X

IBM, Nvidia land $325M supercomputer deal

US Energy Department funds two huge machines that combine IBM and Nvidia chips with Mellanox networking. A further $100 million goes toward making faster next-gen supercomputers.

Stephen Shankland Former Principal Writer
Stephen Shankland worked at CNET from 1998 to 2024 and wrote about processors, digital photography, AI, quantum computing, computer science, materials science, supercomputers, drones, browsers, 3D printing, USB, and new computing technology in general. He has a soft spot in his heart for standards groups and I/O interfaces. His first big scoop was about radioactive cat poop.
Expertise Processors, semiconductors, web browsers, quantum computing, supercomputers, AI, 3D printing, drones, computer science, physics, programming, materials science, USB, UWB, Android, digital photography, science. Credentials
  • Shankland covered the tech industry for more than 25 years and was a science writer for five years before that. He has deep expertise in microprocessors, digital photography, computer hardware and software, internet standards, web technology, and more.
Stephen Shankland
3 min read

This rendering shows a few of the cabinets that ultimatly will comprise IBM's Sierra supercomputer at Lawrence Livermore National Laboratory.
This rendering shows a few of the cabinets that ultimatly will comprise IBM's Sierra supercomputer at Lawrence Livermore National Laboratory. IBM

In a Department of Energy deal worth $325 million, IBM will build two massive supercomputers called Sierra and Summit that combine a new supercomputing approach from Big Blue with Nvidia processing accelerators and Mellanox high-speed networking.

The companies and US government agency announced the deal on Friday ahead of a twice-yearly supercomputing conference that begins Monday. The show focuses on the high-end systems -- sometimes as large as a basketball court -- that are used to calculate car aerodynamics, detect structural weaknesses in airplane designs and predict the performance of new drugs.

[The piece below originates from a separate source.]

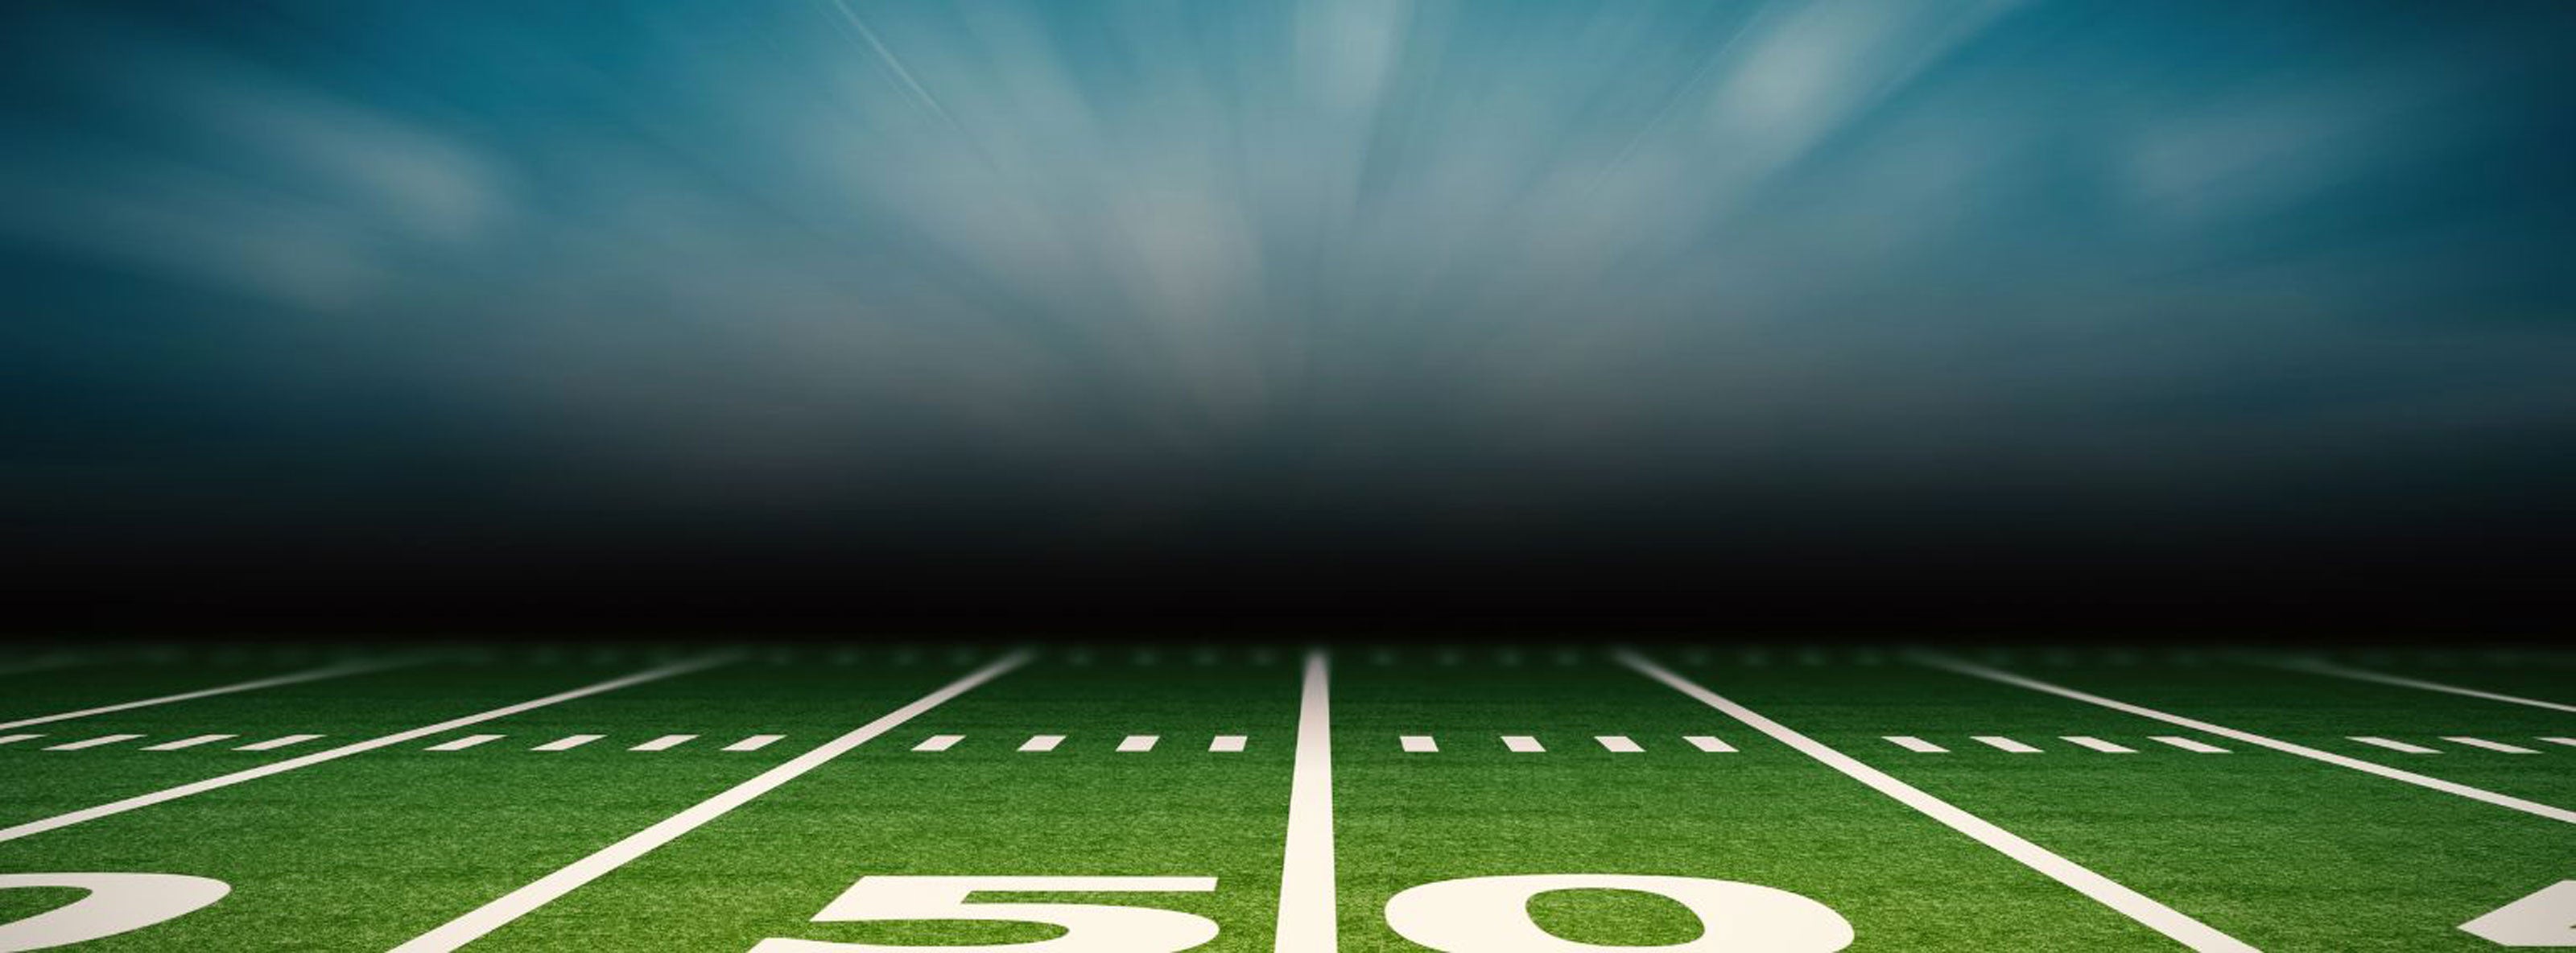 an image of a football field from the 50-yard line

The funds will pay for two machines, one for civilian research at the Oak Ridge National Laboratory in Tennessee and one for nuclear weapons simulation at the Lawrence Livermore National Laboratory in California. They'll each clock in with a peak performance surpassing 100 petaflops -- that's a quadrillion calculations per second as measured in the Top500 list that ranks the world's fastest machines. Trying to do that with modern laptops would take something like 3 million of them, Nvidia estimates.

In addition, the DOE will spend about $100 million on a program called FastForward2 to make next-generation, massive-scale supercomputers 20 to 40 times faster than today's high-end models, Energy Secretary Ernest Moniz was scheduled to announce Friday. It's all part of a project called Coral after the national labs involved: Oak Ridge, Argonne and Lawrence Livermore.

"We expect that critical supercomputing investments like Coral and FastForward2 will again lead to transformational advancements in basic science, national defense, environmental and energy research that rely on simulations of complex physical systems and analysis of massive amounts of data," Moniz said in a statement.

Supercomputing progress faltering?

The deal is a lucrative feather in the cap for the companies. IBM will build the overall system using a design that marries main processors from its own Power family with Volta accelerators from Nvidia. IBM has decades of experience in high-performance computing, but Nvidia, most of whose revenue comes from graphics chips to speed up video games, is a relative newcomer.

The world is accustomed to steady increases in computing power, but growth of supercomputing progress slowed in recent years. No longer do processor clock speeds conveniently ratchet up to higher gigahertz levels each year, and the constraints of funding, equipment cooling and electrical power consumption are formidable.

To tackle the problem, IBM is adopting a supercomputing approach it calls data-centric design. The general idea is to distribute processing power so it's close to data storage areas, reducing the performance and energy-consumption problems associated with moving data around a system.

"At the individual compute element level we continue the Von Neumann approach," IBM said of its design, referring to the traditional computer architecture that combines a central processor and memory. "At the level of the system, however, we are providing an additional way to compute, which is to move the compute to the data."

Modern architecture

The system encompasses relatively new computing trends, including flash-memory storage that's faster but more expensive than hard drives, and the graphic processing unit (GPU) boost from Nvidia. Such accelerators aren't as versatile as general-purpose central processing units, but they can solve particular types of math problems faster. That's why accelerators from Nvidia, AMD and Intel have found a place in supercomputing systems.

"This is a huge endorsement for the Tesla GPU accelerator platform," said Sumit Gupta, general manager of Nvidia's Tesla accelerated computing business. "To be able to build up these large systems, you need the energy efficiency that GPU accelerators provide."

One big problem with systems that include both CPUs and GPUs is getting data where it belongs. CPUs generally run the show, offloading some work to GPUs, but to do so, they have to transfer data from CPU memory to GPU memory. To speed that up, Nvidia offers its NVLink interconnect, which IBM said is five to twelve times faster than today's technology at the transfer.

Another key player in the system is Mellanox, which is supplying high-speed networking equipment using the InfiniBand standard to rapidly shuttle data around the system.